CapturingMainIt’s February, the month of love! And love leads to romantic dates, and romantic dates lead to engagements, and engagements lead to weddings! Whether you’re on the path to getting married, just like to daydream about that special day, or love to capture such moments in timeless photography, you must check out the newly released book Capturing Love The Art of Lesbian & Gay Wedding Photography.

This book is filled with beautiful images of gay and lesbian engagement and wedding photos. The authors, Thea Dodds and Kathryn Hamm, found images by amazing photographers that understand the uniqueness of capturing same sex love in an image. You won’t find cheesy prom poses as one woman is positioned behind the other in the cliché man and woman pose, because one of the women must always be the masculine one right? Absolutely not! But unfortunately not all photographers recognize this. What may work in a straight wedding may look very artificial in a picture of a same sex couple. It takes great skill to know how to depict same sex couples in such a way that you can see their natural love and affection for each other. Kathryn and Thea give great tips on how to successfully do this in Capturing Love.

Chard Photographer

Chard Photographer

Thea is an award winning wedding photographer, founder of Authentic Eye Photography, and has been featured on GayWeddings.com. Kathryn is the President of GayWeddings.com which offers a vendor list of over 52,000 gay-friendly wedding professionals to same sex couples around the country. I had the opportunity to ask the authors about their book, Capturing Love, and also get some great advice from them for engaged same sex couples looking for photographers.

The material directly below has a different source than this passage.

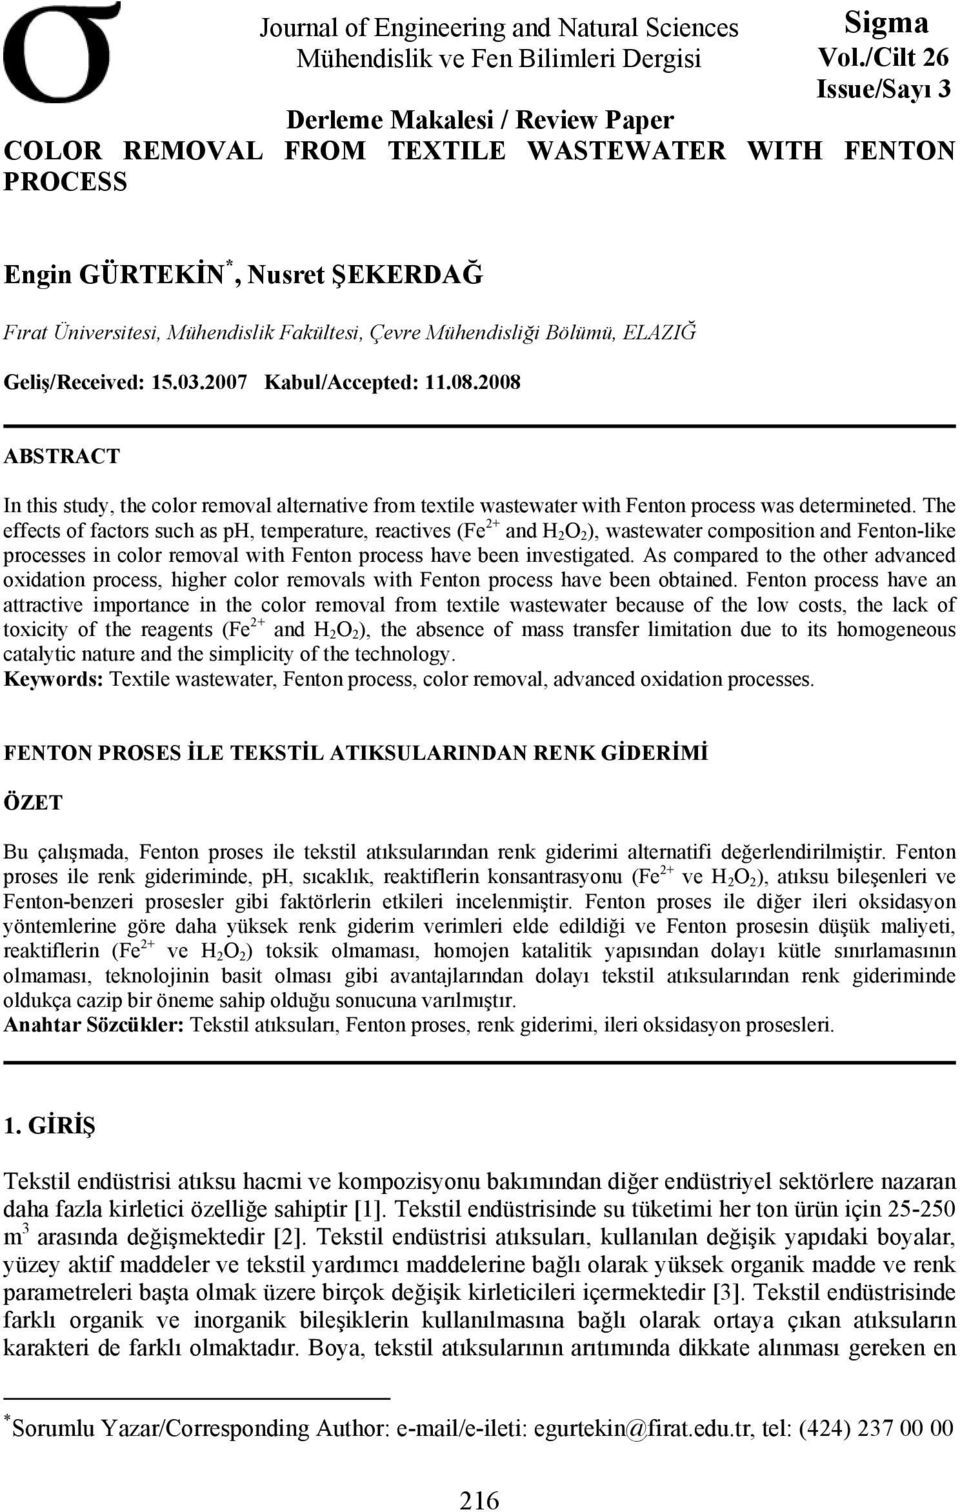 Mühendisliği Bölümü, ELAZIĞ Geliş/Received: 15.03.07 Kabul/Accepted: 11.08.08 ABSTRACT In this study, the color removal alternative from textile wastewater with process was determineted.
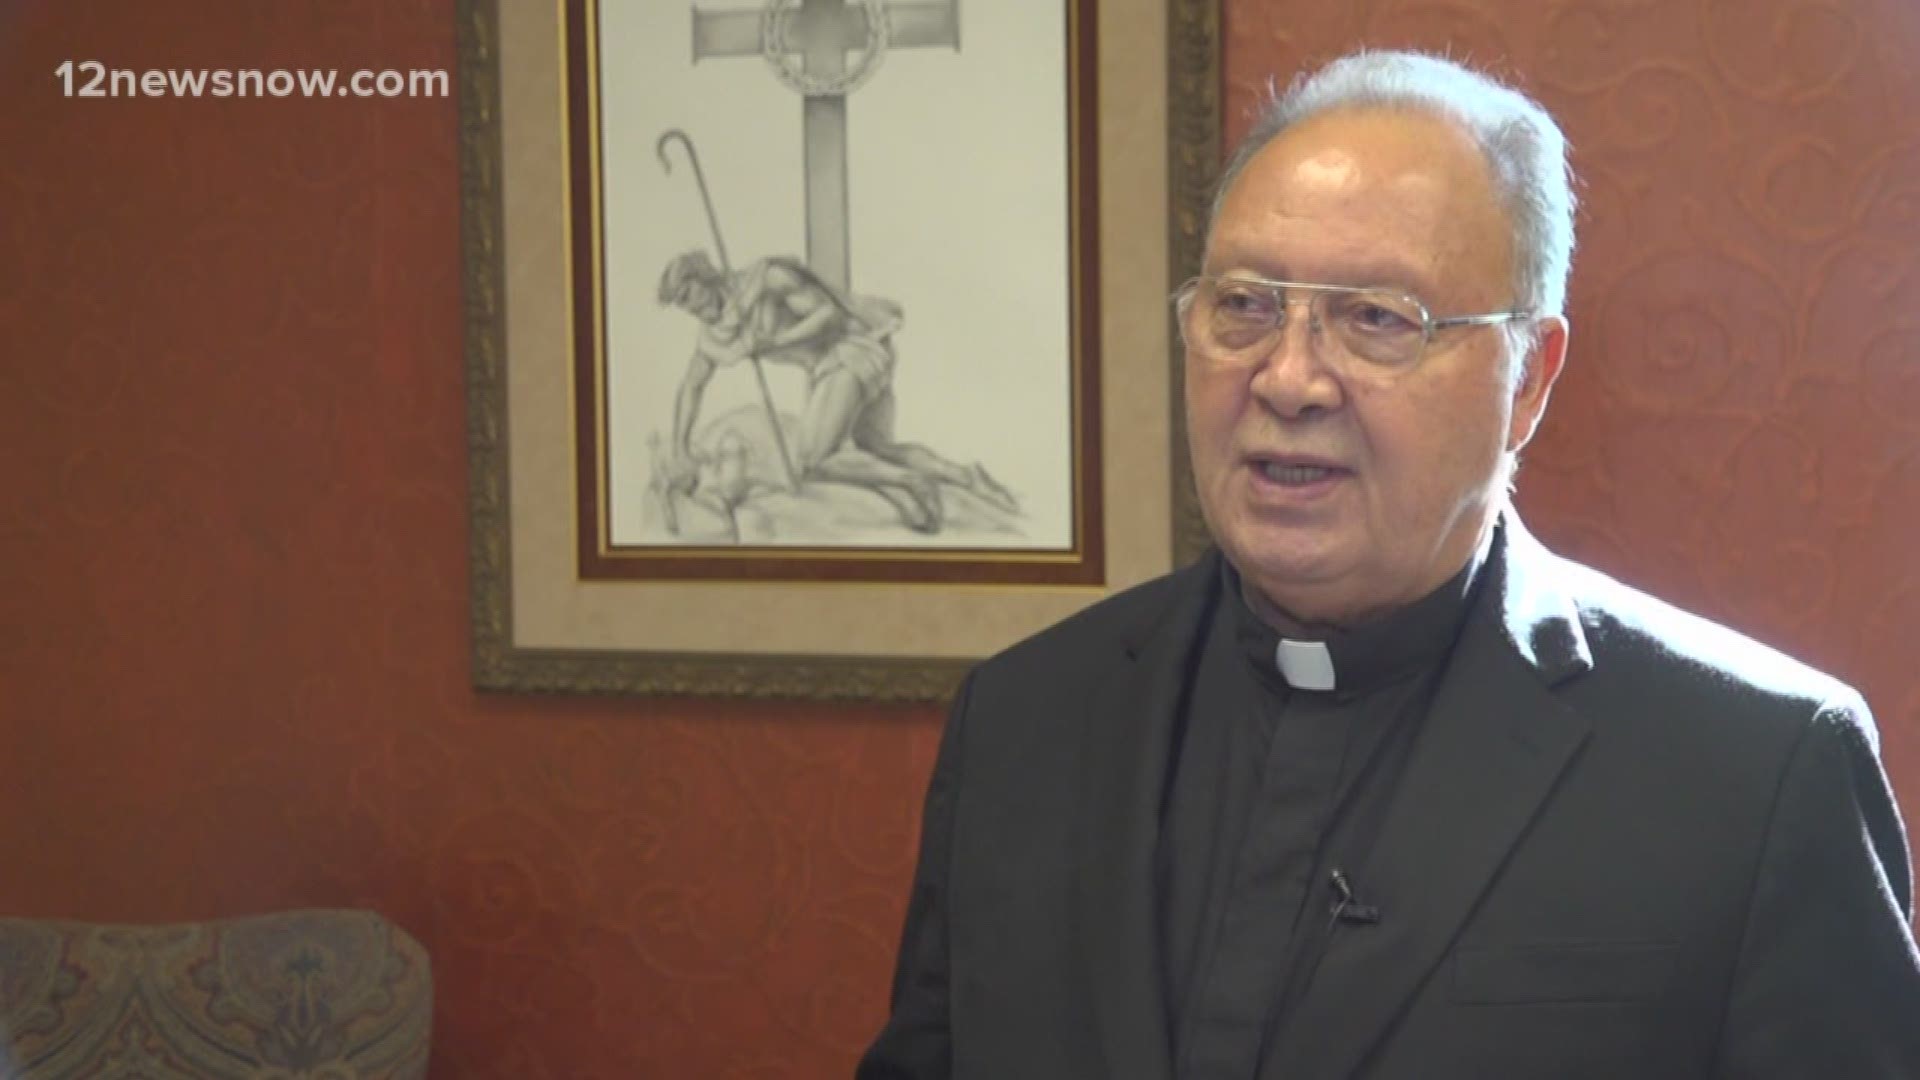 Bishop Guillory says the decision was a difficult one

What was the inspiration for Capturing Love?
Thea was inspired by her own experience and struggle to find answers about how to work most effectively with and for same-sex couples. In her own experience photographing same-sex couples, she realized that the training she had received and had access to did not include gay and lesbian couples. So, she worked creatively and mindfully to understand how she needed to adapt in order to better serve same-sex couples who need different considerations (as we outline in the book) than opposite-sex couples. And from my vantage point at GayWeddings.com, I certainly understand how important furthering wedding vendor education is; so when Thea approached me with this concept it became clear to us quickly that Capturing Love is a book which needed to be written because there’s nothing else like it out there and because professional photographers and engaged couples need it as a resource.

What effect are you hoping Capturing Love will have on Gay and Lesbian wedding photography?
Nothing short of transforming the whole kit and kaboodle. We hope to unlock a new understanding about poses needed for same-sex engagement and wedding photography for same-sex couples. But, by extension, we want to transform the traditional expectations in mainstream wedding photography. We like to say that “wedding photography will never be the same again” and we mean it. In our opinion, ALL couples will benefit from a renewed look at the assumptions we make in how we pose couples.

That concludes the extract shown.